Shared filesystems
From SOFTICE
Contents |
The problem
Each UML instance requires a base filesystem to operate. In addition, some space is needed in which the student can work on his assignments. One gigabyte of hard drive space is a reasonable minimum.
Much of this space contains redundant data; every instance will contain the same libc, the same applications, and the same utilities as every other instance. This is wasted space. In addition to requiring an excessive level of hardware support (a commodity server may not be able to support more than forty or fifty instances), it makes process migration between physical hosts much more difficult, as the entire filesystem must be transferred from one host to another.
A better approach would be to store most redundant data in a centralized location and share it between instances.
Possible solutions
Copy-on-write overlay files
Copy-on-write (COW) overlay files serve as an alternate location to store changes to a filesystem; the COW file records all changes while the base filesystem remains unchanged (and can be kept as read-only). In doing so, they allow the base filesystem to be shared between multiple instances, as each instance requires read-write access to its root filesystem. While they appear to file utilities (ls, etc) to be of equal size to the base filesystem, they are "sparse" files, requiring a much smaller amount of disk space to hold.
The primary problem with COW files is this: they require the base filesystem to be absolutely stable. If the base filesystem is modified, it renders every COW file invalid.
UnionFS
The UnionFS project works on a higher level than the COW file approach; it can combine two filesystems of disparate type and size into a single virtual filesystem.
UnionFS is still under development and may not be of the required quality and stability required for this project. It is also unknown whether UnionFS will work properly as the root filesystem of a UML instance.
Multiple filesystems
The root filesystem of a UML instance must be mounted read/write; it cannot be read-only without the use of technology such as COW files. However, this applies only to the root filesystem. If it is possible to break large amounts of information out of the root filesystem (the entire /usr hierarchy, for instance) and store it in a centralized location (such as an NFS server), the size of the files that must be moved between hosts can be dramatically reduced.
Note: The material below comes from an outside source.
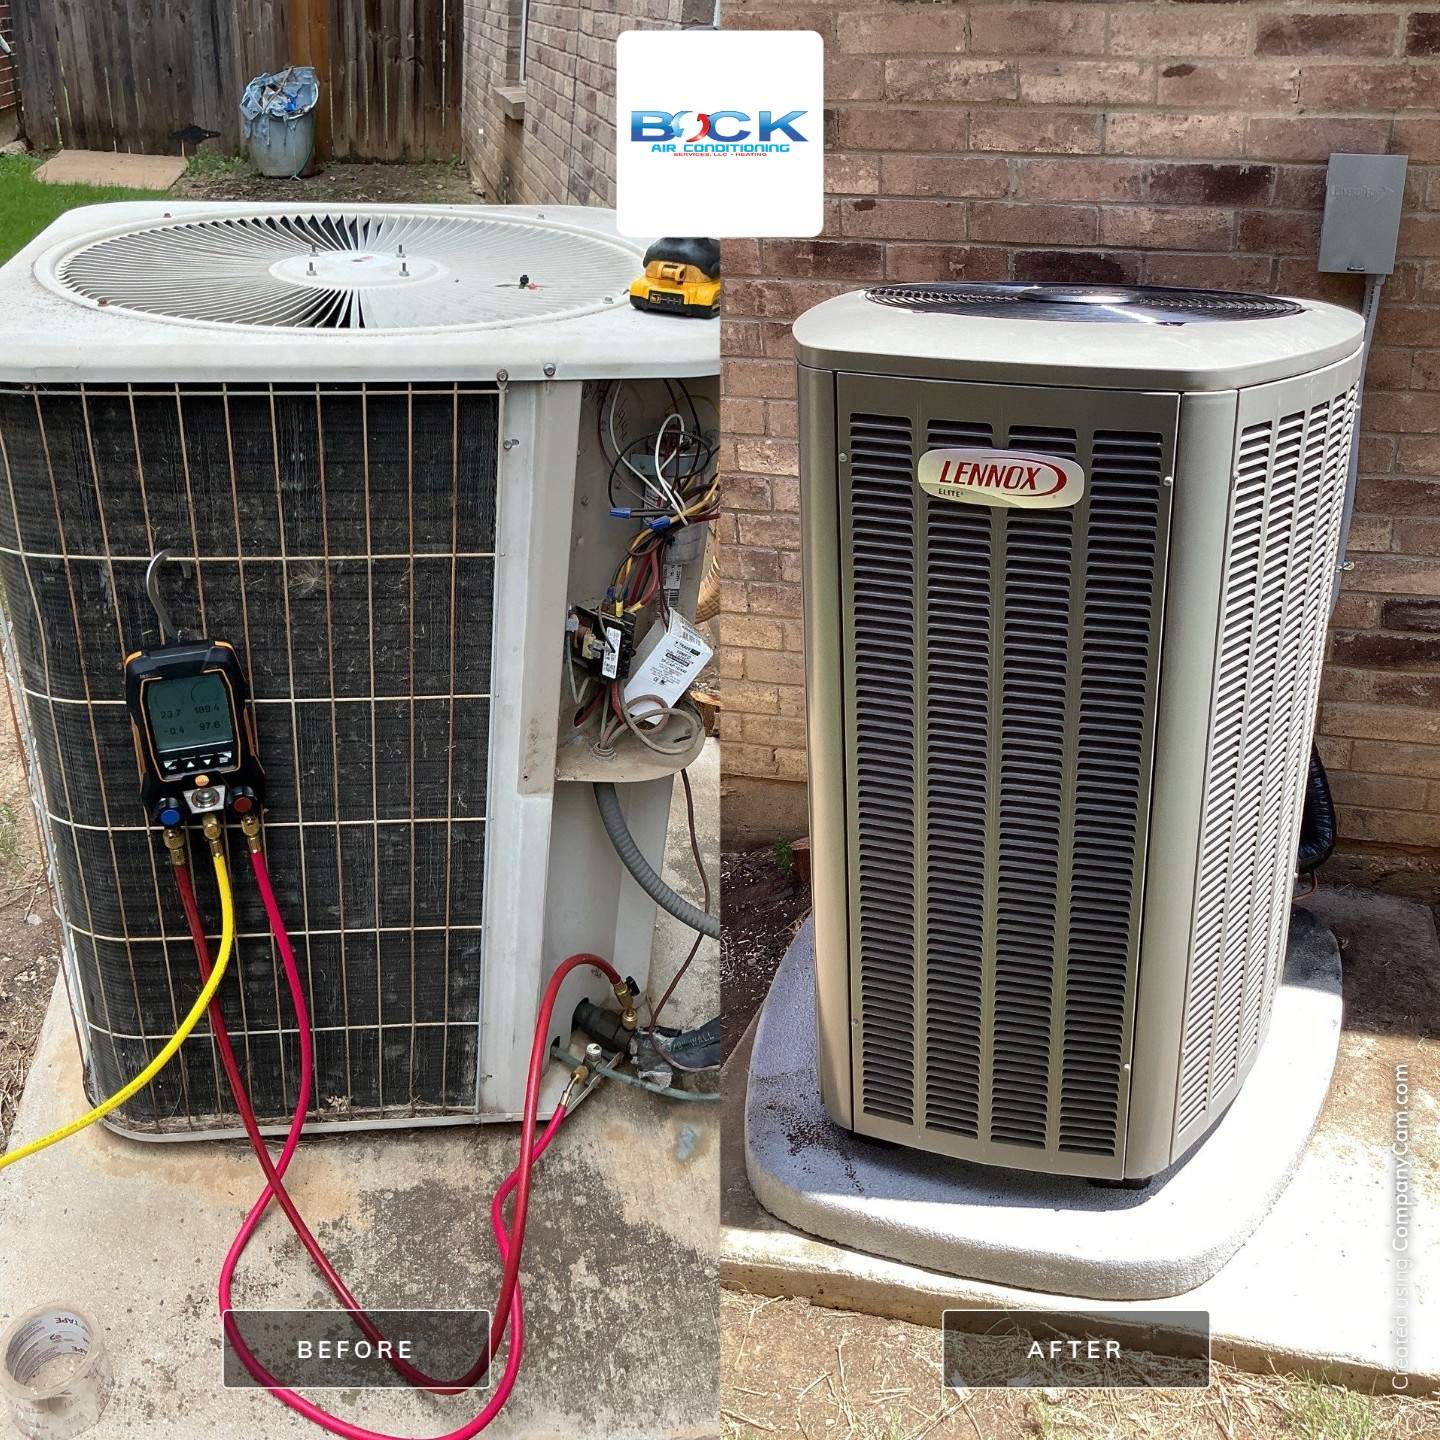 Before and after of condenser.

As the virtual filesystem stands now (1 June 2006), the vast majority of the used disk space is occupied by the uncompressed Linux kernel source, which properly belongs underneath /usr/src. Even without this source, /usr is 150 MiB; with it, it climbs to over 500MiB. If all assignments are completed through use of LKMs, this source need not change and can be stored on a read-only NFS mount.
A possible arrangement is this: /home and /usr are mounted through NFS. A copy of the root filesystem image is kept on each node in the cluster (to reduce network traffic) and COW files are transferred as needed as processes migrate.